_Directions_: Please output the listing exactly as it stands, but omit any images.

[Data excerpt Boundary: Start]

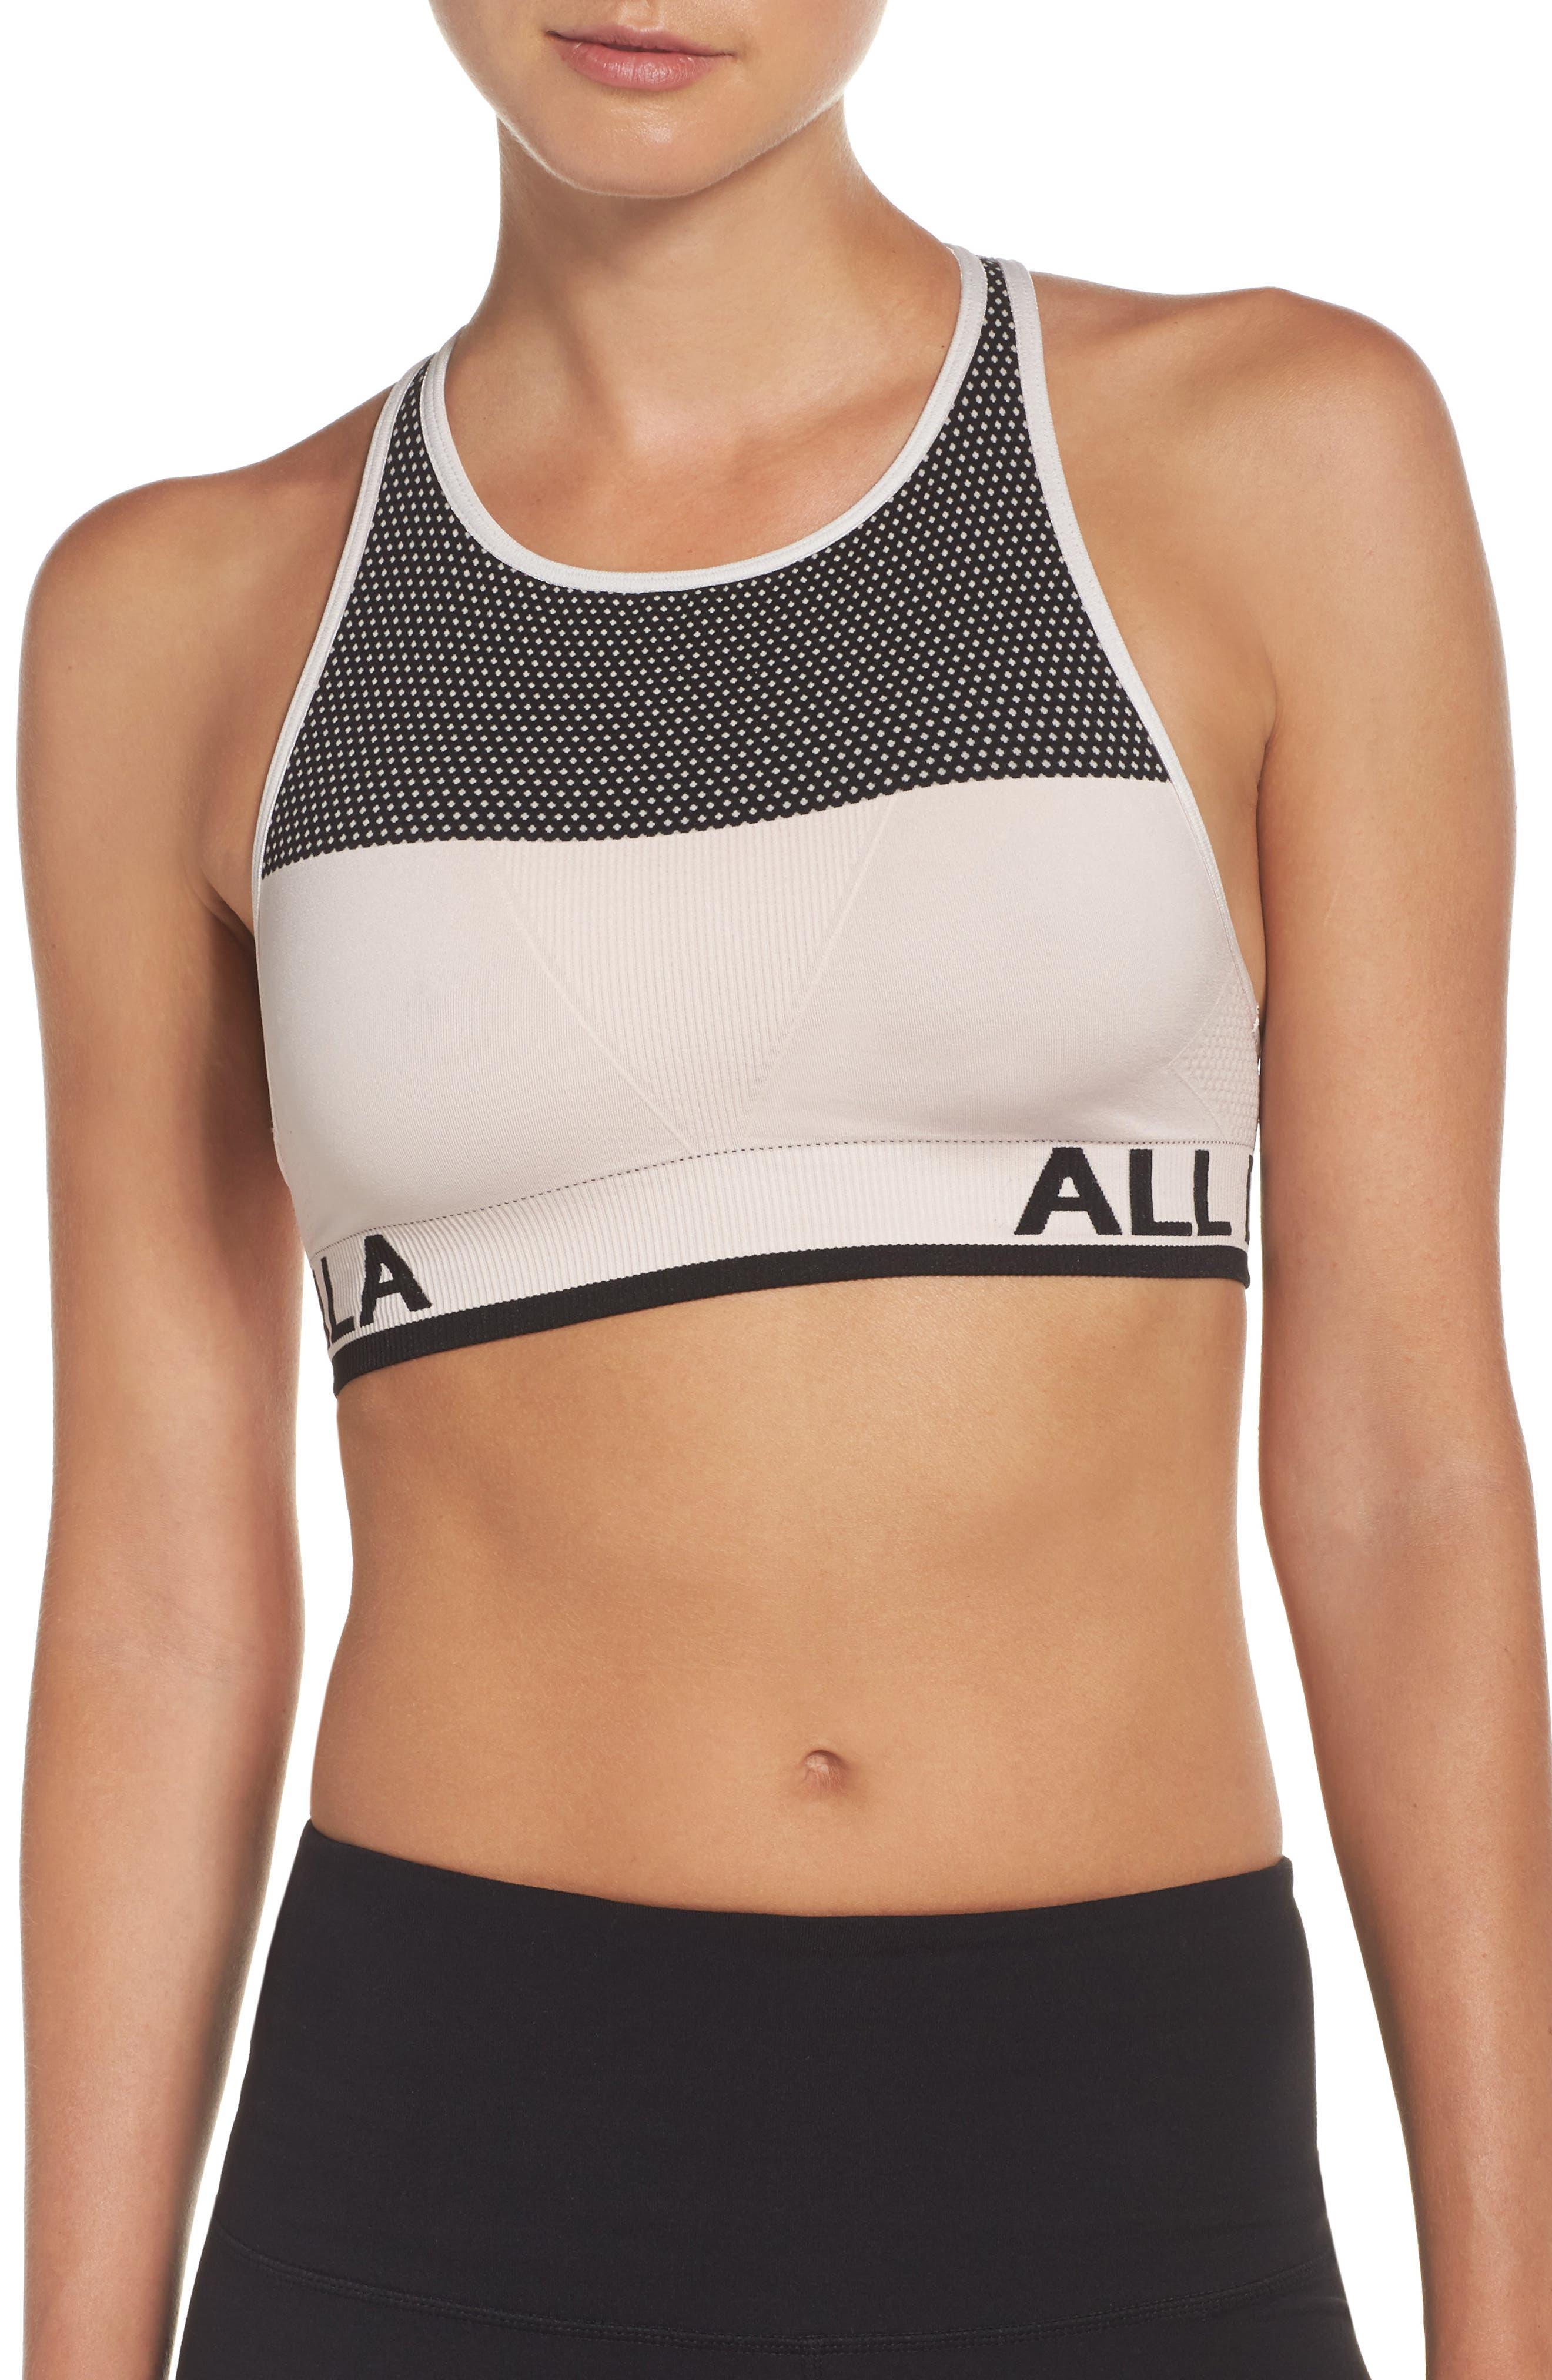 Main Image - ALALA Ace Seamless Sports Bra
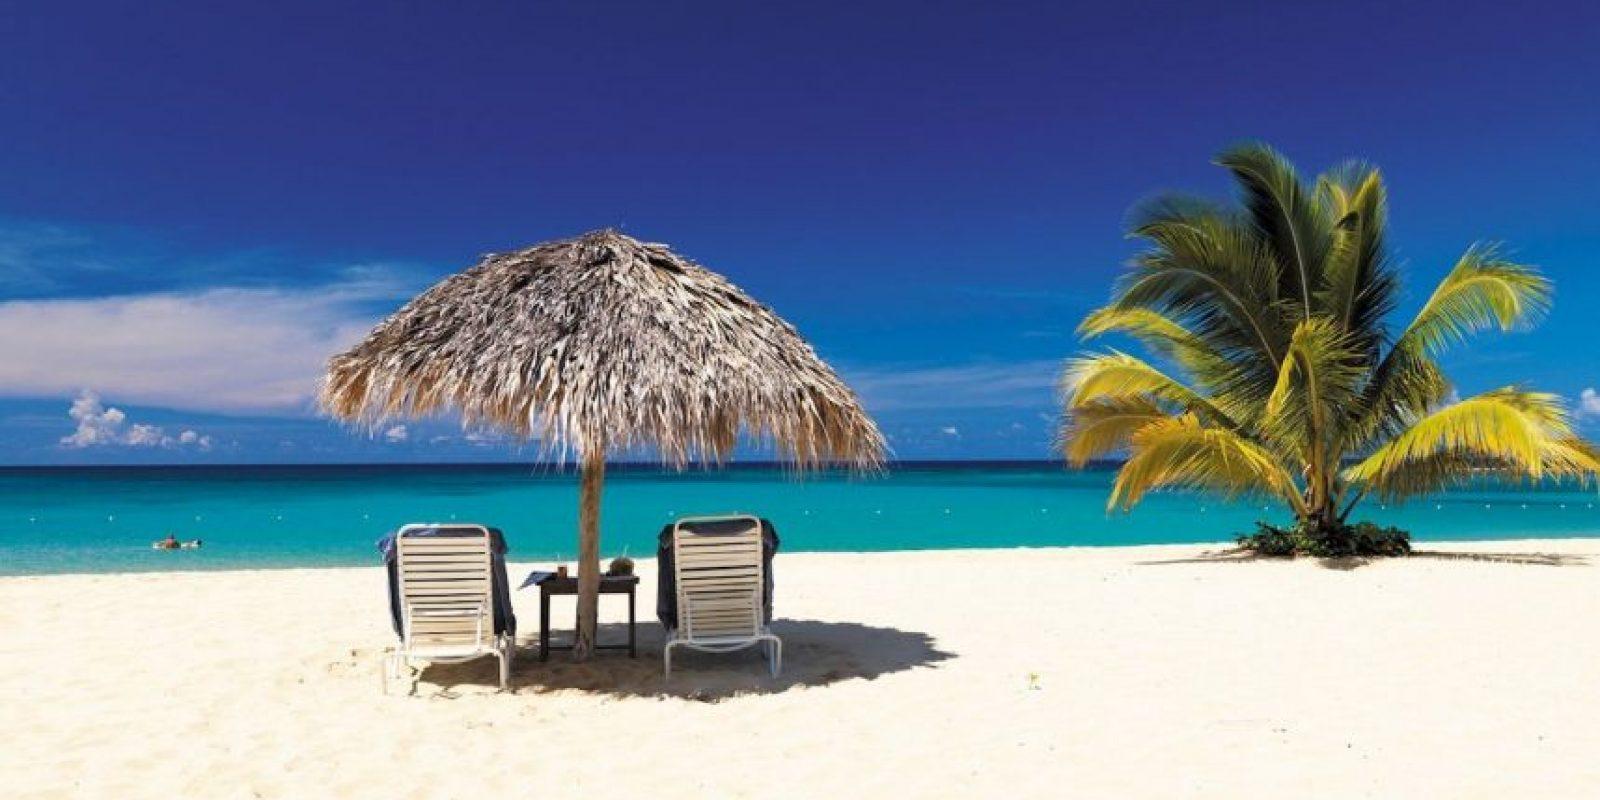 10. Jamaica Foto:Jamaicann
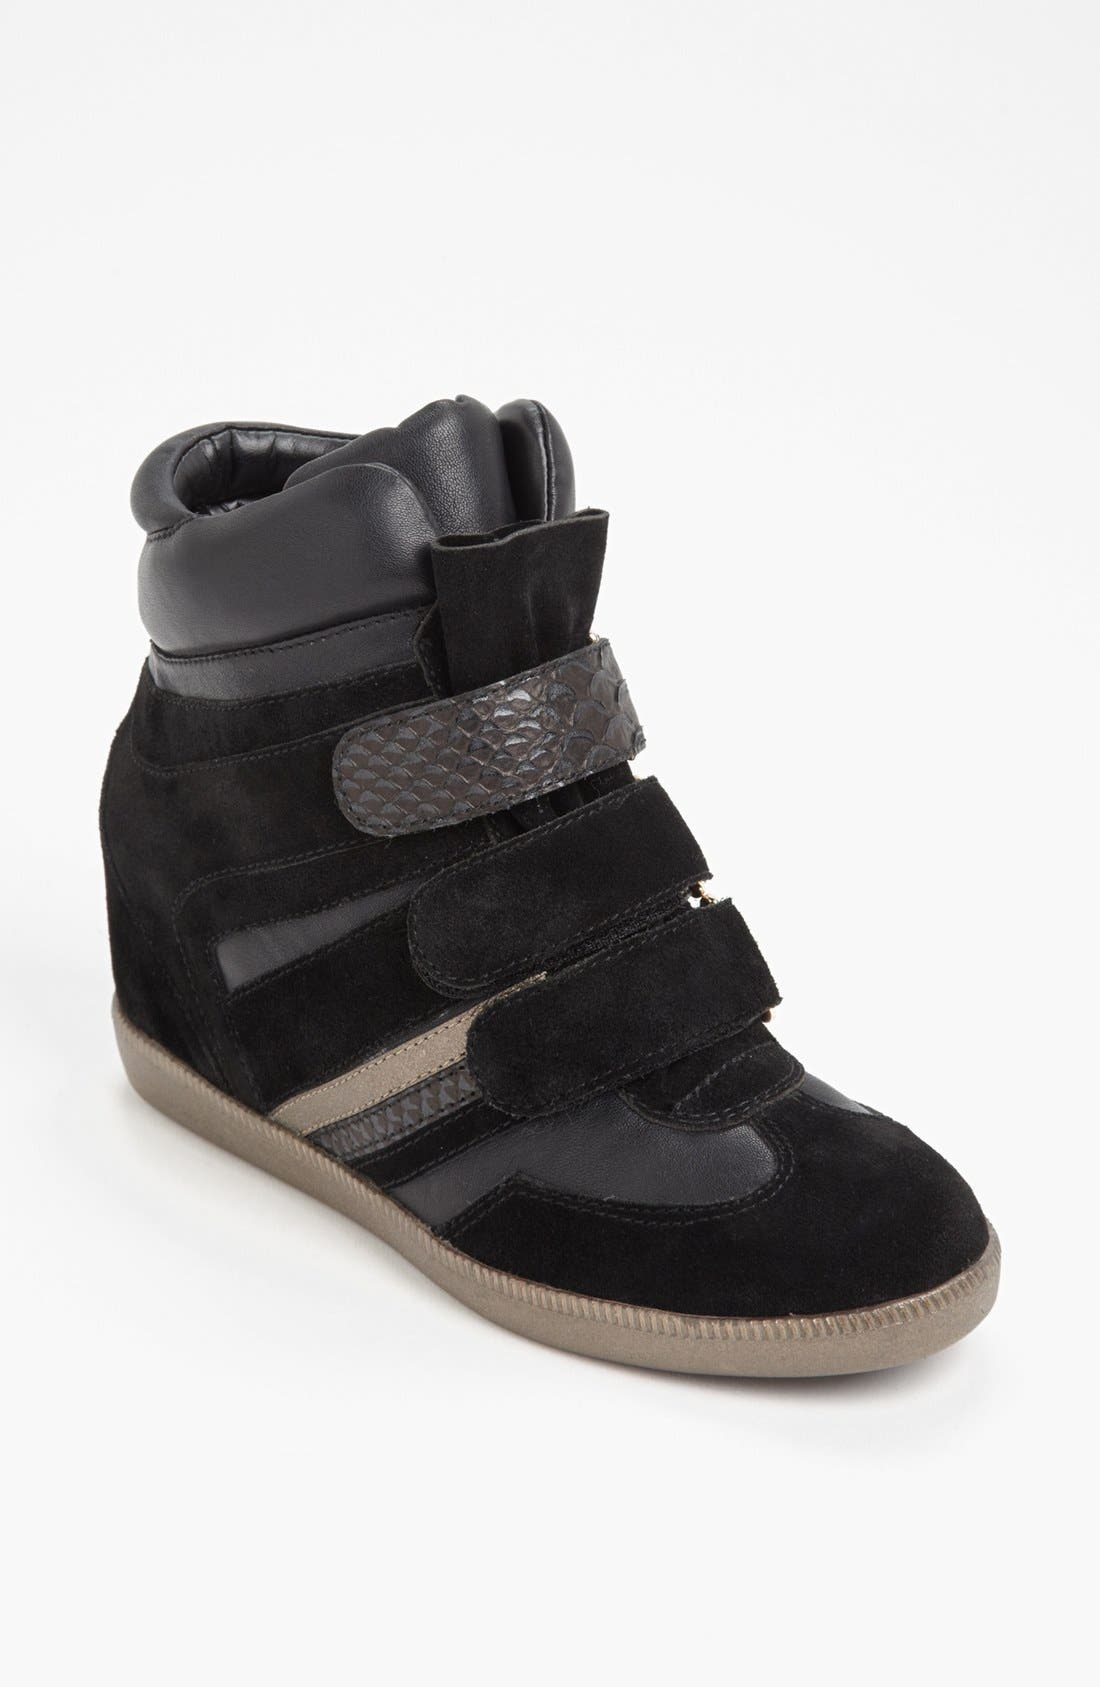 Alternate Image 1 Selected - BCBGeneration 'Anthony' Wedge Sneaker
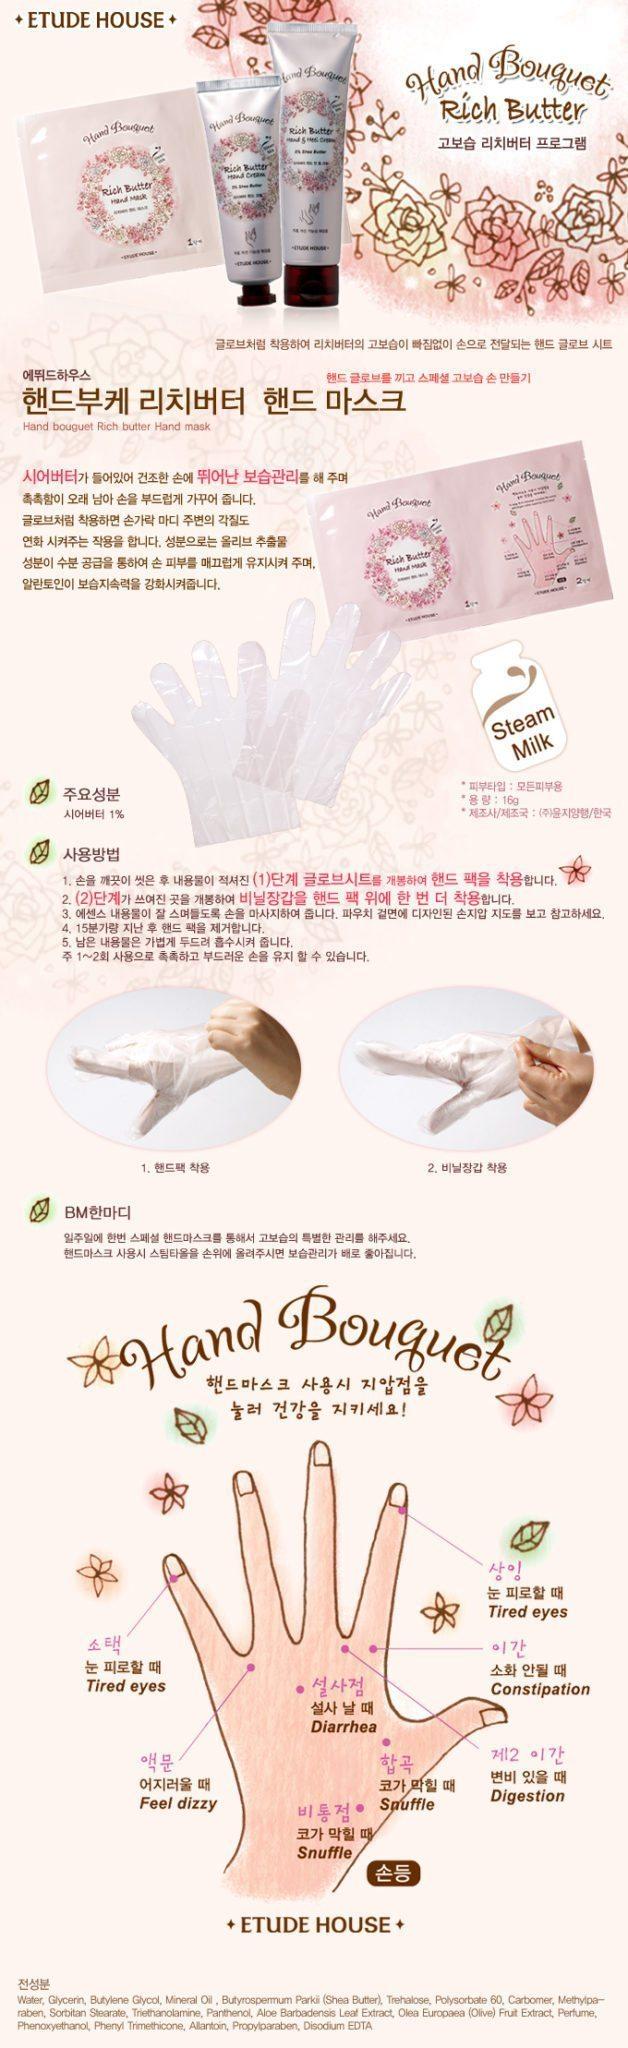 Etude House Hand Bouquet Rich Butter Hand Mask 16g malaysia

[Data excerpt Boundary: End]

_Result of the task_:
 Main Image - ALALA Ace Seamless Sports Bra
 10. Jamaica Foto:Jamaicann
 Alternate Image 1 Selected - BCBGeneration 'Anthony' Wedge Sneaker
 Etude House Hand Bouquet Rich Butter Hand Mask 16g malaysia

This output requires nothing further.